The combination of relationship therapy, music, the guidelines for the “Get Fit for Life” walking program, and positive encouragement resulted in Manuel staying with his walking program. He often asked Maria to join him on his walks, and they would spend almost an hour walking while talking about their respective issues at home and school. Manuel reported feeling better, and he wasn’t as hungry during the day. Although he was still obese, his clothes were getting baggy as his body got firmer, and he felt good about his change. Manuel had found a new habit that led him to sign up for a five-mile hike. As he became more fit, Manuel’s self-esteem began to improve, and he felt better about himself. Teachers and classmates started to reach out and support him in his mission to get fit.

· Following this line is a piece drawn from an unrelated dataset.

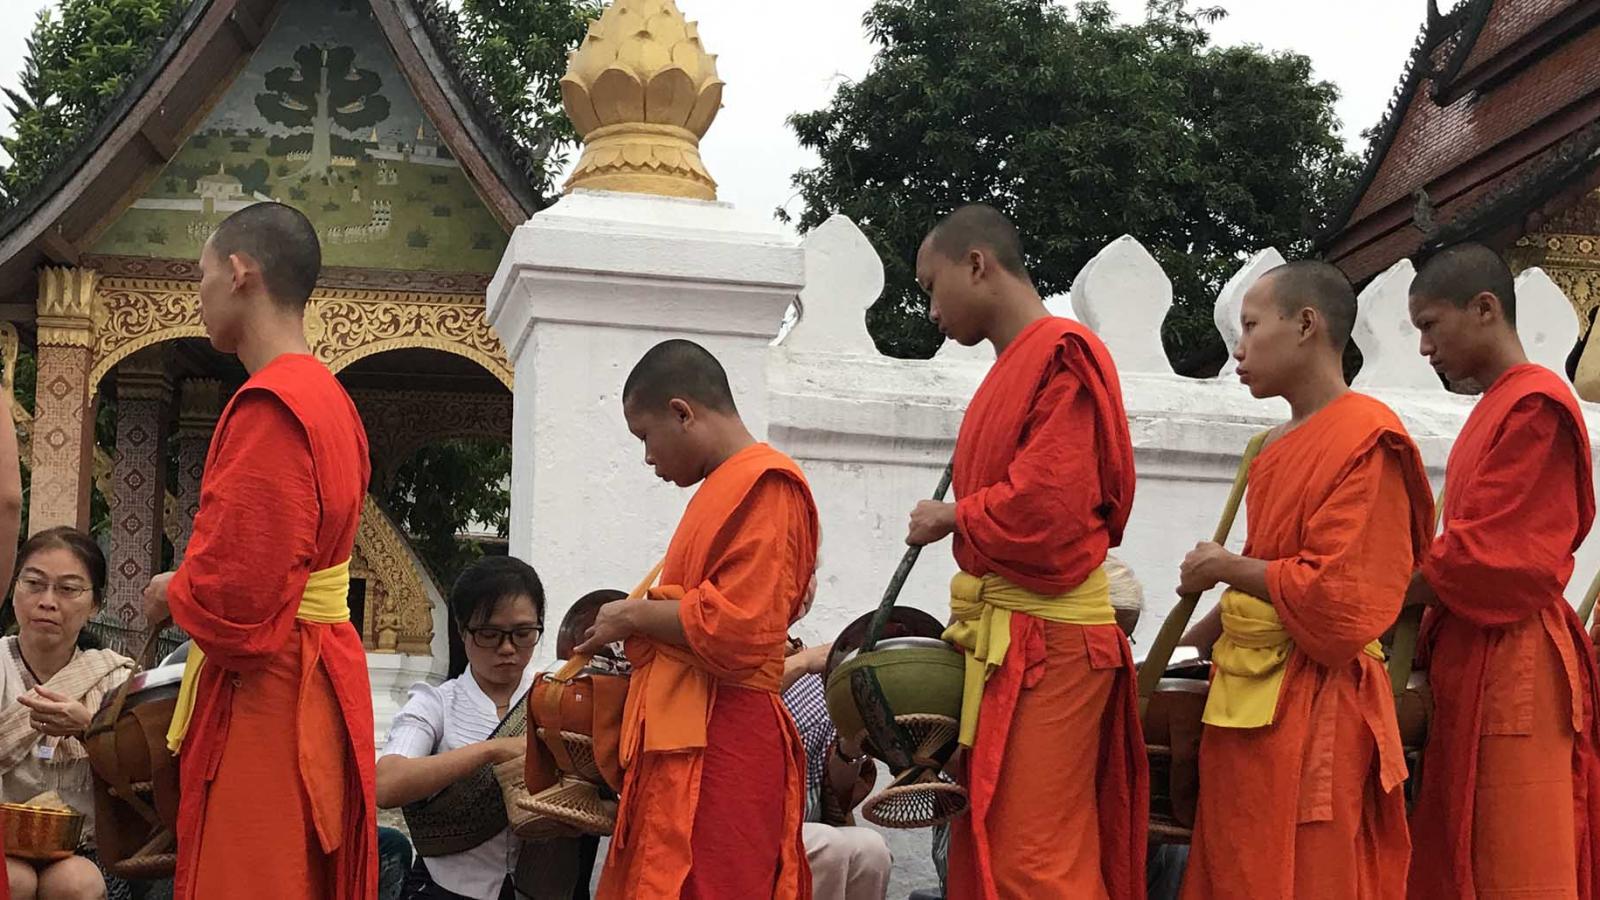 Experience early morning alms giving in Luang Prabang

Some people say it takes 21 days to change a habit, but when it comes to developing lifelong exercise habits, I recommend seven weeks, or 49 days. Adding weightlifting to his daily routine helped Manuel become more fit, and he later decided to join a gym. He still had a long way to go, but he had made significant progress: he had lost 25 pounds and was more toned, he knew he could achieve goals he had never thought possible, and he seemed to have a new lease on life. Manuel was in relationship therapy for about six months building a stronger relationship with himself and later with his parents. When I last saw him, he had a steady girlfriend and had lost 90 pounds. Most importantly, he had personal health goals and a commitment to achieve them based on his success.